As you know, if you have only the five summarized values available, rather than the raw data, you cannot display a boxplot that represents the raw data using Distribution, say.  This is because the quartiles for your five values differ from those of the raw data.  I think that the only way that you can construct a rudimentary boxplot for your unsummarized data using only the five values is by constructing the plot in Graph Builder.

Here is how you can construct a boxplot in Graph Builder.

1.  Open the attached file. It contains summarized boxplot values for the column Weight in the sample data table Body Fat.jmp.

2.  Select Graph > Graph Builder.

3.  Select the five columns from Lower to Upper and drag them to the Y zone.

4.  Drag the Bar Chart element into the plot.  Five bars will appear.

5.  In the panel to the left, there is now a Bar panel.  From the Bar Style list, select Range.  A "box" appears in the plot.

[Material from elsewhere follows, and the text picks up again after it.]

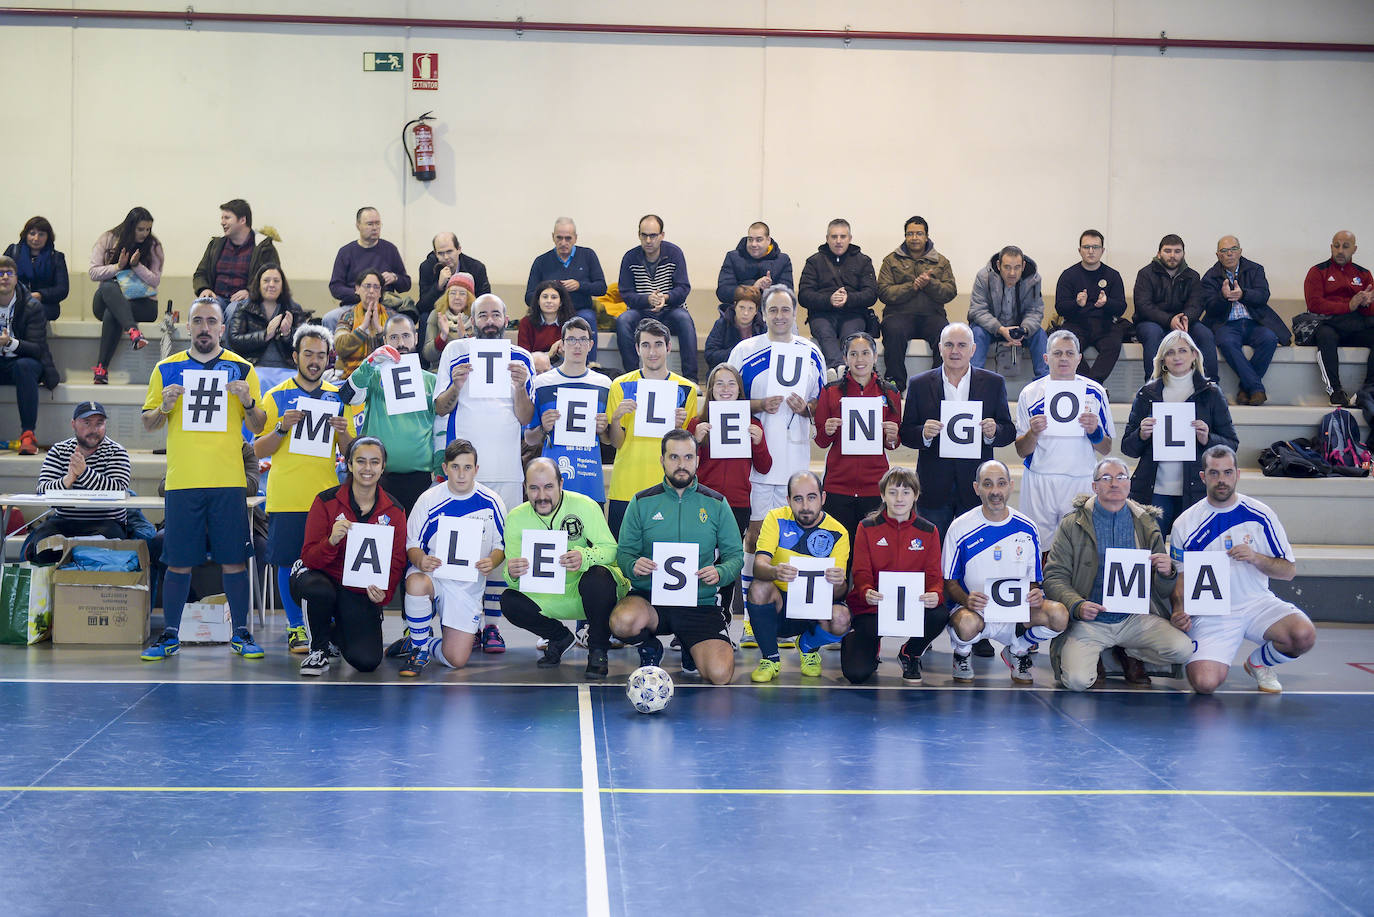 El polideportivo de Teatinos acogió un partido de fútbol sala para dar visibilidad y normalizar la enfermedad mental

6.  In the Bar panel, click the disclosure icon to the right of Variables.  Select (highligh) Q1 and use the arrows to move it to the top of the list.  Select Q3 and move it to immeidately below Q1.

7.  Once again, drag the Bar Chart element into the plot.  Again, you will see five bars and a second Bar panel will appear to the left.

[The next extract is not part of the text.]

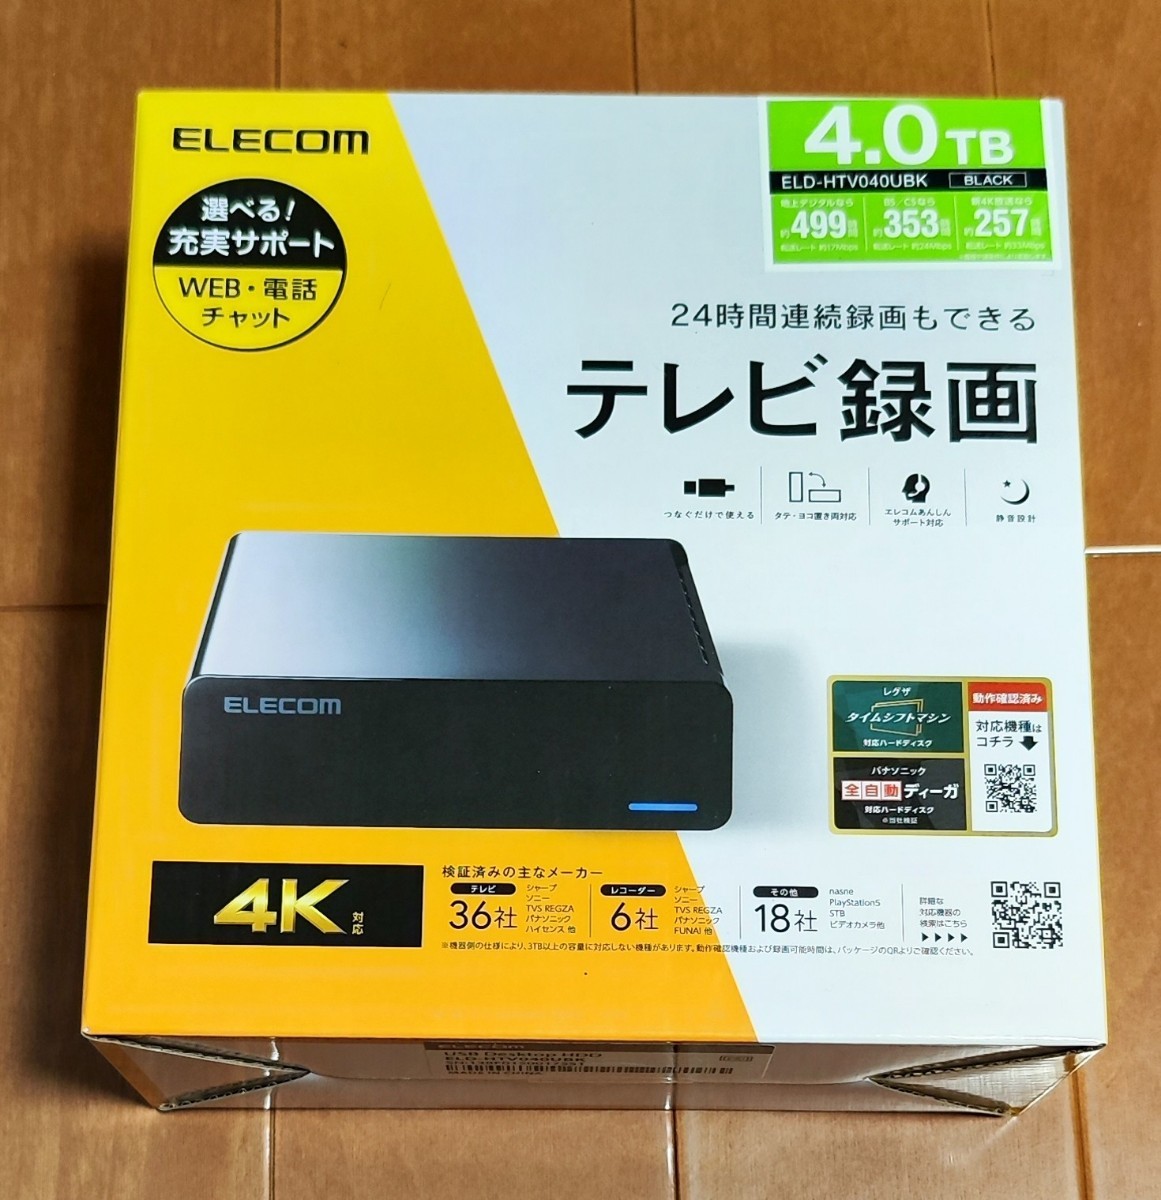 新品未開封品 4TB 外付けハードディスク ELECOM エレコム 静音 防振 4K録画対応の画像1

8.  In the second Bar panel, from the Bar Style list, select Interval.

9.  Click the disclosure icon to the right of Variables and uncheck Q1, Median, and Q3.

10.  In the Points panel (above the two Bar panels), uncheck Jitter.

The script in the attached reproduces this plot.  I hope this helps.

 

 

pcarroll1

Community Trekker

Joined:

Aug 11, 2016

Thanks.  You taught us something about the style options that bar plot has.  We will be using this concept to make some homemade representations of our distributions.

marie_gaudard

Community Trekker

Joined:

Jan 14, 2015

Great! I'm happy we could help.
marie_gaudard

Community Trekker

Joined:

Jan 14, 2015

I should have mentioned that I used JMP 13 to create the plot, but it looks as if the procedure works in JMP 12 as well.

michael_jmp

Staff

Joined:

Jun 23, 2011

Solution

I think you can use frequencies to trick Graph Builder or Distribution into thinking that the summary data is raw data. If you enter the 5 data points in a data table and then create a second column with frequencies that force your data points to be at the appropriate quantiles. So, far a box plot with endpoints at the 5% and 95% quantiles, you could use the five point summary 3, 15, 20, 40, 42 with frequencies of 5, 20, 25, 25, and 20, respectively. The following JSL gives an example. Just run the data table script to see the boxplot in Graph Builder.

New Table( "Boxplot",
	Add Rows( 5 ),
	New Script(
		"Graph Builder",
		Graph Builder(
			Variables( Y( :Summary Point ), Frequency( :Freq ) ),
			Elements( Box Plot( Y, Legend( 7 ) ) )
		)
	),
	New Column( "Summary Point",
		Numeric,
		"Continuous",
		Format( "Best", 18 ),
		Set Values( [3, 15, 20, 40, 42] )
	),
	New Column( "Freq",
		Numeric,
		"Continuous",
		Format( "Best", 18 ),
		Set Values( [5, 20, 25, 25, 20] )
	)
)
Michael Crotty
Sr Statistical Writer
JMP Development
pcarroll1

Community Trekker

Joined:

Aug 11, 2016

Thanks.  We did something similar to this by adding addition values of median and quartiles to the data.  The concept of using the frequency term in Graph Builder is definitely a better way to do that.